O café remodelou o estado de São Paulo. E também parte de Minas Gerais, Rio de Janeiro e Paraná. Em pouco mais de um século engoliu, quase completamente, as florestas que recobriam os solos dessa parte do Brasil, a Mata Atlântica. Entre 1890 e 1940, foi o principal item das exportações brasileiras. O cultivo e a comercialização do produto fizeram a fortuna e alegria de poucos. A ruína e tristeza de muitos. O Brasil era café. Foi café, desde o Império até a industrialização acelerada da década de 1950. Nos áureos tempos, alguém imaginou que “iríamos à Europa num aterro de café”. Acreditava-se que os níveis de desenvolvimento econômico e social dos países europeus seriam alcançados por obra e graça da incessante, insaciável, cafeicultura.
O Brasil, então, permaneceu integrado à economia internacional, tal como ocorria desde a colonização portuguesa, atendendo grande parte do mercado mundial de café. No século XX, a vida de paulistas, mineiros e paranaenses esteve profundamente marcada pelas grandes fazendas exportadoras. Muitas deram origem a importantes centros agrícolas, núcleos de povoamento e colonização, hoje cidades, no interior de vários estados.
Esta situação despertou o interesse de estrangeiros que procuraram compreender e explicar o Brasil pela importância da cafeicultura. Foi o que aconteceu, por exemplo, com os historiadores Stanley Stein e Warren Dean, atentos à gritante situação de atraso e subdesenvolvimento do nosso país. Estes brasilianistas, norte-americanos especialistas em problemas brasileiros, realizaram meticulosos estudos sócio-econômicos das comunidades cafeeiras de Vassouras e de Rio Claro. Ambos procuraram conhecer o ambiente dessas localidades e os efeitos que a grande lavoura de café provocou nas instituições nacionais.

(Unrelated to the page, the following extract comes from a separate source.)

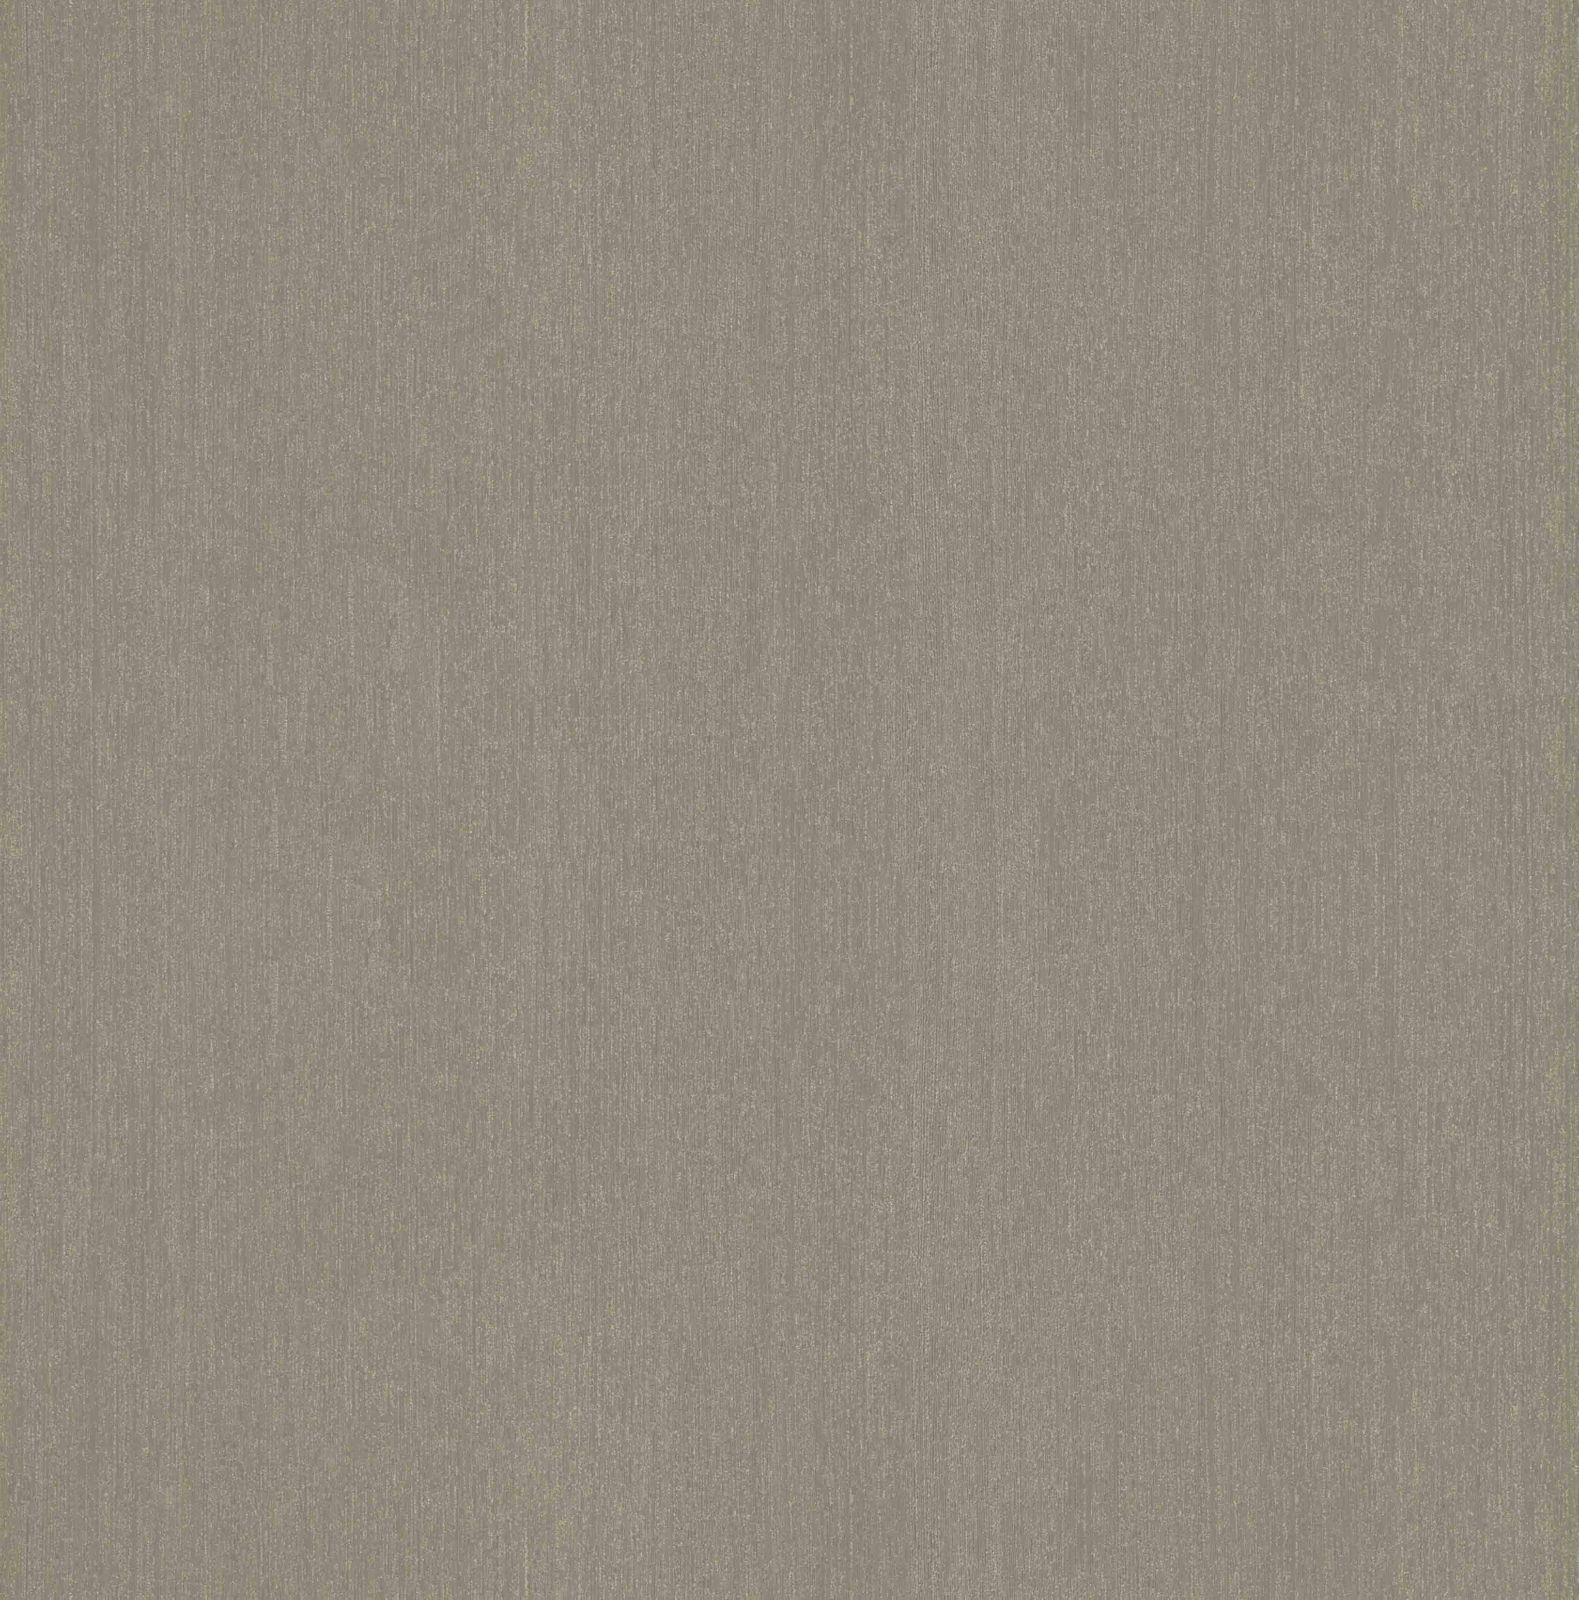 Tapete Colani Evolution Marburg Uni Silber 56348

Os dois professores aprenderam, com estudo e pesquisa histórica, aquilo que brasileiros comuns conheciam pelas experiências de vida e trabalho cotidianos. Em sua expansão devastadora, o café devorou as florestas, transformando os sertões do Brasil. A pesquisa de Stanley Stein sobre Vassouras explicitou as mudanças que a cafeicultura impôs no vale do Paraíba, ao longo do século XIX. O café interrompeu uma fase de contemplação das matas virgens e lançou os agricultores, grandes e pequenos, em uma corrida pela conquista de cada palmo de terra. O fascínio pelo enriquecimento rápido é uma herança dos tempos coloniais, quando a mineração era a principal esperança para “subir na vida”. Os cafezais eliminaram matas, roças, pastos e sítios. Baniram índios, quilombos, posseiros, lavradores pobres. Ocuparam imensas extensões de terras. Logo, brotou a expressão que fundiu novos e antigos sentimentos de cobiça e ambição. E o café virou “ouro verde”.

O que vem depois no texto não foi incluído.